ICHG 2024

Join us November 6-7, 2024, in Ventura, California (near Los Angeles), for ICHG 2024, two days of engaging with top scientists and clinicians specializing in HG management.

Bringing together the world’s leading researchers in hyperemesis gravidarum, this two-day event in the heart of the Golden State will be an excellent opportunity for delegates to hear about the latest research developments and innovative treatments for this complex condition. Charities and patients will have opportunities to engage as well. Read the prospectus to learn more.

We will be accepting submissions for a limited number of late-breaking abstract presentations with a deadline of September 15th. A late-breaking abstract is an abstract that contains new information that was not yet known or fully available by the original annual abstract submission deadline of April 1st. Application coming soon.

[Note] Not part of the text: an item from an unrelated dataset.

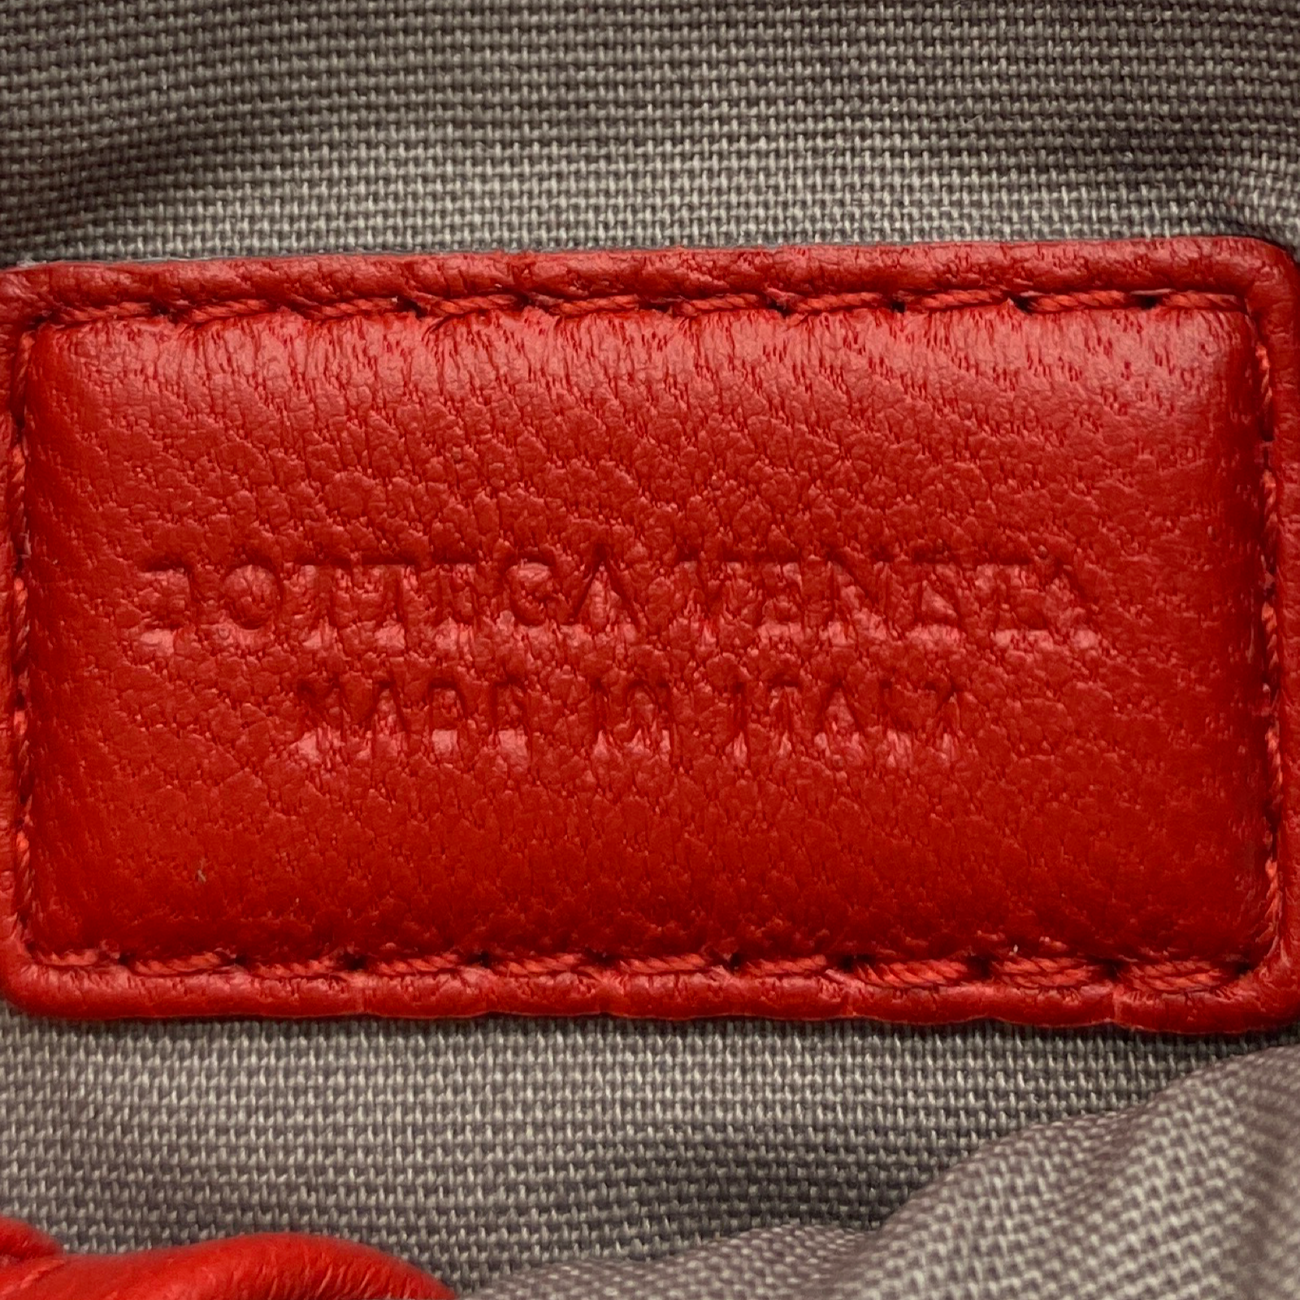 Where's the serial number code in this wallet/pocket organizer? I

If you have any queries about the ICHG 2024 conference, please contact Aimee Brecht-Doscher.

Featured Speakers

  • Dr Marlena Fejzo
  • Dr Aimee Brecht-Doscher
  • Dr Marc Vaudel
  • Dr Fanos Yeshanew Ayele
  • Dr Anne Ostenfeld
  • Dr Eileen O’Brien
  • Professor Stephen O’Rahilly

Scholarships

Attendees from low-middle income countries can apply to have most expenses covered. Those from other countries may apply for travel costs only. Deadline: June 15th, 2024

Share the Facts About HG

  • HG, hyperemesis gravidarum, is a pregnancy disease marked by weight loss, malnutrition, and dehydration due to severe nausea and/or vomiting.
  • HG is not the “morning sickness” of healthy, normal pregnancies. It is a distinct diagnosis marked by severe and relentless symptoms that pose significant risks to the health of both mom and baby. Over 1/3rd of HG babies do not make it to term.
  • HG babies are at increased risk for low birth weight, small size for gestational age, and preterm birth. In utero exposure to HG is linked to a 3.6-fold increased risk of emotional/behavioral & developmental disorders, and autism. Up to 15% of HG pregnancies end due to therapeutic terminations, citing “no hope for relief.” Current treatments are not always adequate to prevent termination of these wanted pregnancies.
  • Mothers with more severe HG can experience pneumothorax, organ rupture, retinal detachment and blindness, eardrum and jaw damage, rib fractures, esophageal tears, the neurological syndrome Wernicke’s encephalopathy, or even death.
  • 18% of women report full criteria of post-traumatic stress syndrome (PTSS) following an HG pregnancy. More than half of mothers have post-traumatic stress symptoms.
  • In 2016, the nearly 400,000 emergency and inpatient visits for HG in the U.S. cost more than $3,000,000,000. Outpatient treatment, medications, and nutritional therapy were additional.
  • HG is the leading cause of hospitalization in early pregnancy, and is second only to preterm labor as the most common overall cause of hospitalization during pregnancy.